$ echo $ROW | awk -vOFS=, -vFPAT="([^,]+)|(\"[^\"]+\")" '$2="X"'
1,X,4,5,6
I used the pattern from GNU Awk Manual 4.7 Defining Fields By Content
Compare with the *
in the same pattern:
$ echo $ROW | awk -vOFS=, -vFPAT="([^,]*)|(\"[^\"]*\")" '$2="X"'
1,X,,4,5,6
So answer is -- (to this limited example) -- use -vFPAT="([^,]+)|(\"[^\"]+\")"
, but then that does not work with empty fields like 1,"2,3",4,,"","should be 6th field"
Here is the result with both kinds of empty fields (,,
and ""
):
$ echo $ROW2 | awk -vOFS=, -vFPAT="([^,]+)|(\"[^\"]+\")" '$2="X"'
1,X,4,"","should be 6th field"
^^ - missing the ',,' field
^^^ - now the 5th field -- BUG!
By convention, ROW2
should be treated as having 6 fields with the blank fields ,,
and ""
each counting as 1 field. If you do not count blank fields as fields, you will loose count of which field is which after the blanks. Add to the list of complications of CSV with an awk regex.
Know that CSV is surprisingly complicated and to handle the many possibilities is not trivial with awk or a regex alone.

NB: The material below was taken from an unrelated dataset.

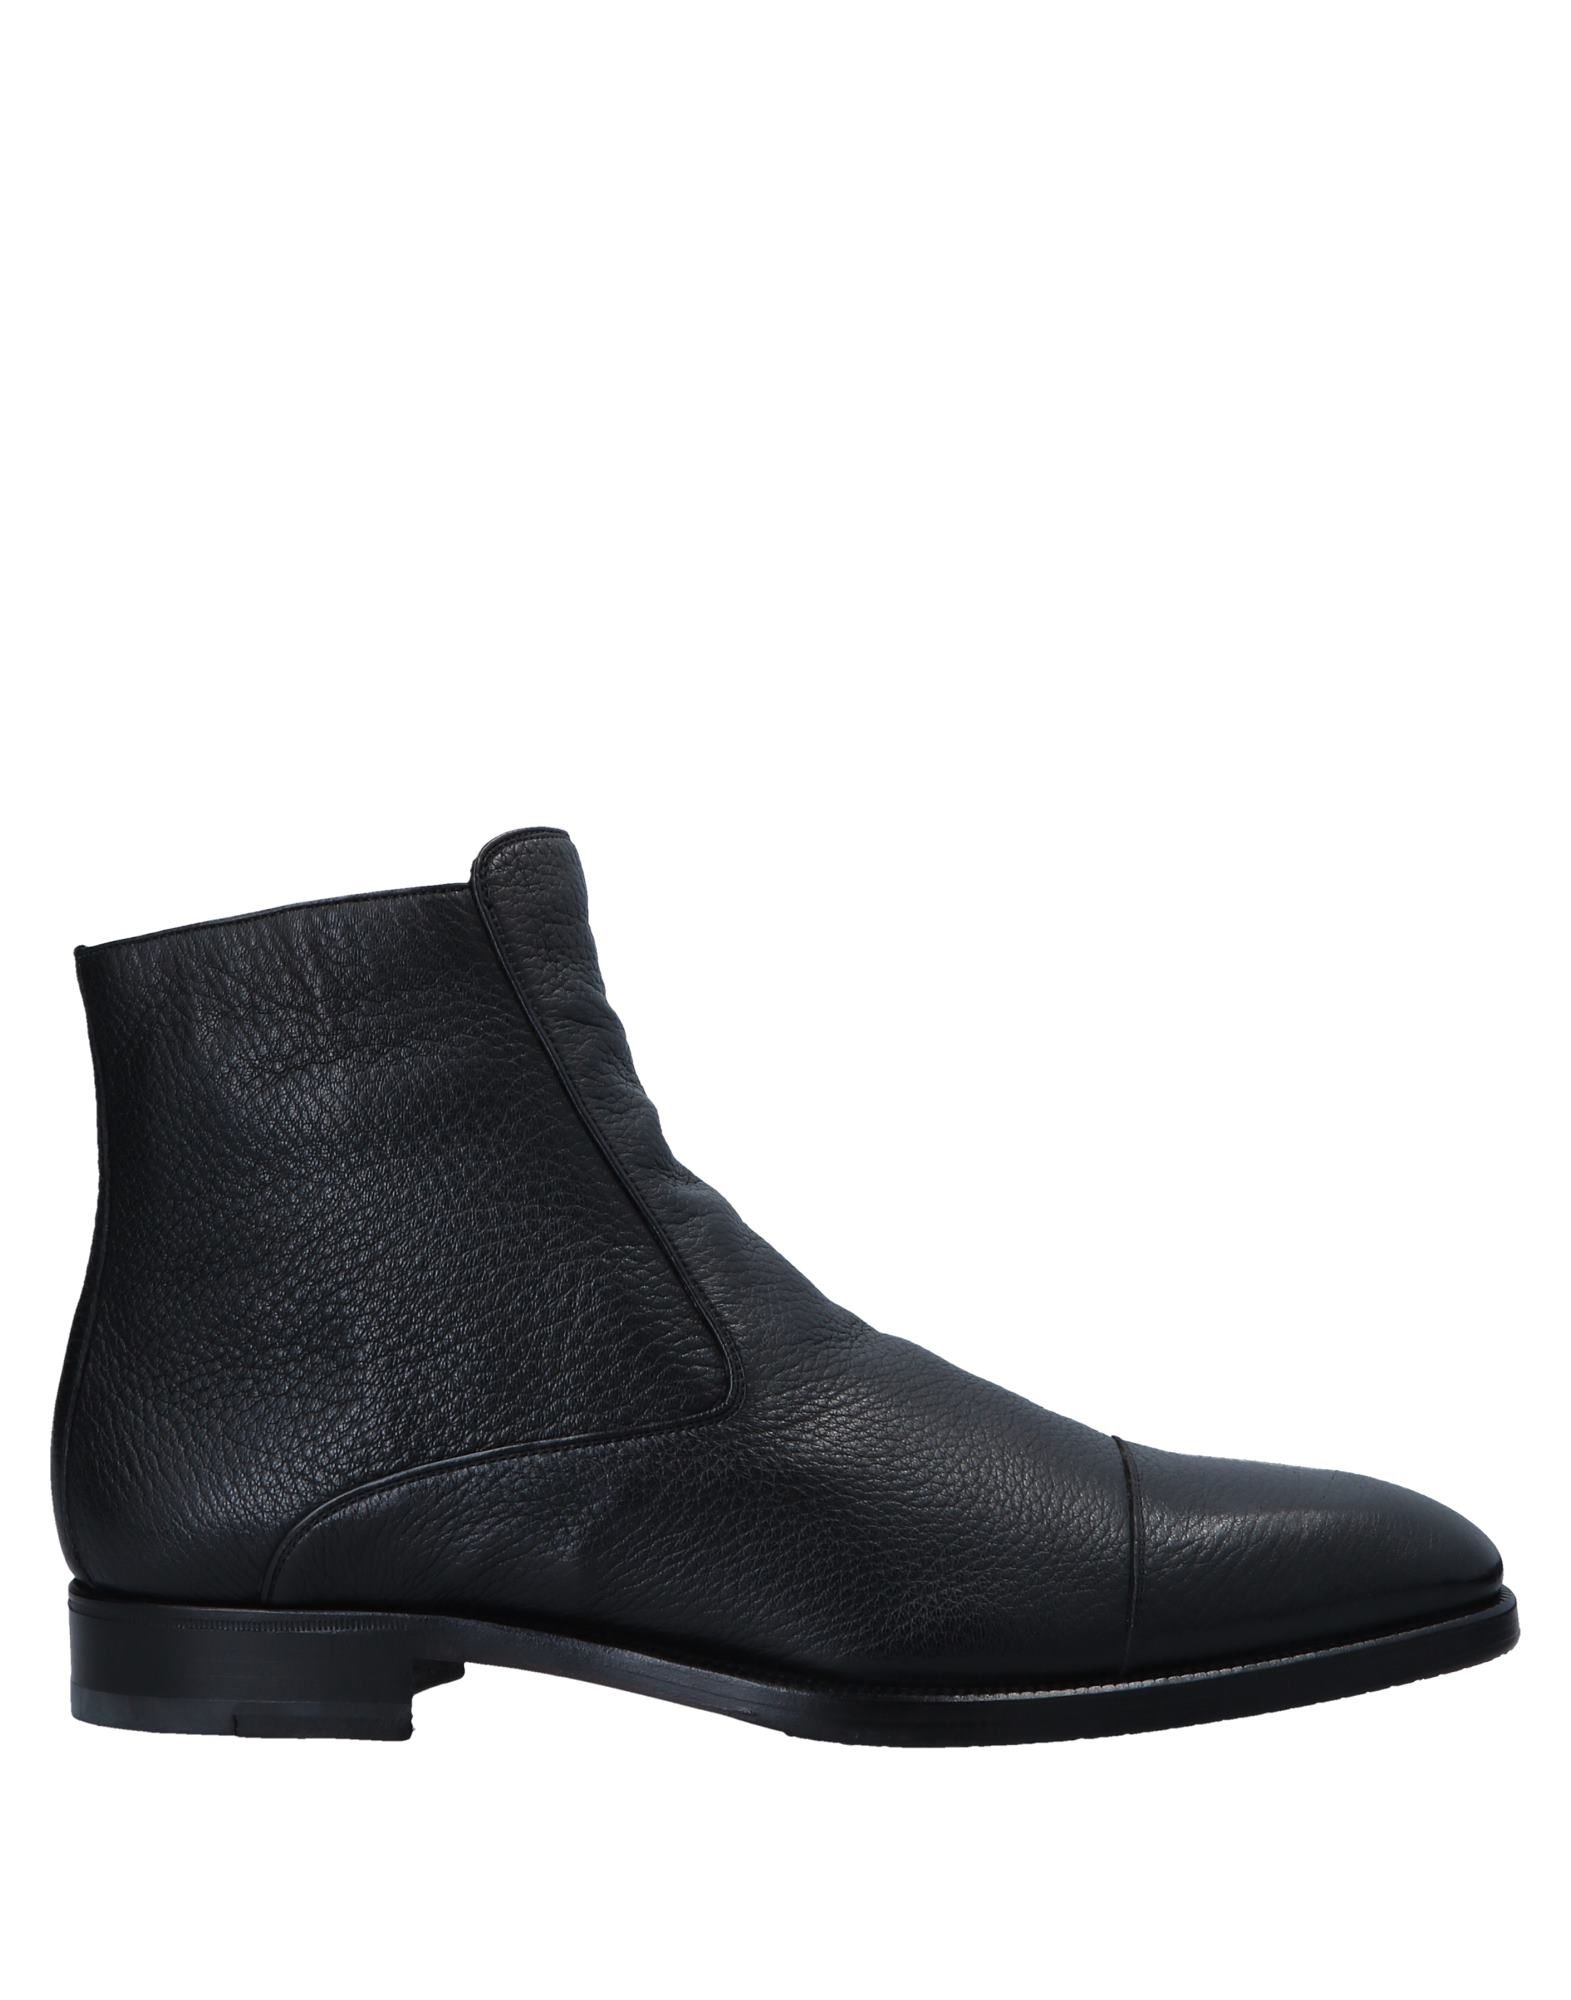 A.Testoni Stiefelette Herren  11548574SU Gute Qualität beliebte Schuhe

Another solution for CSV is to use Perl or Python with the more sophisticated and standardized CSV libraries they can use. In the case of Python, it is part of the standard distribution of Python.
Here is a Python solution that would be completely compatible with RFC 4180
$ echo $ROW | python -c '
> import csv, fileinput
> for line in csv.reader(fileinput.input()):
> print ",".join(e if i!=1 else "X" for i, e in enumerate(line))'
1,X,4,5,6
Which allows more complicated CSV to be handled easily.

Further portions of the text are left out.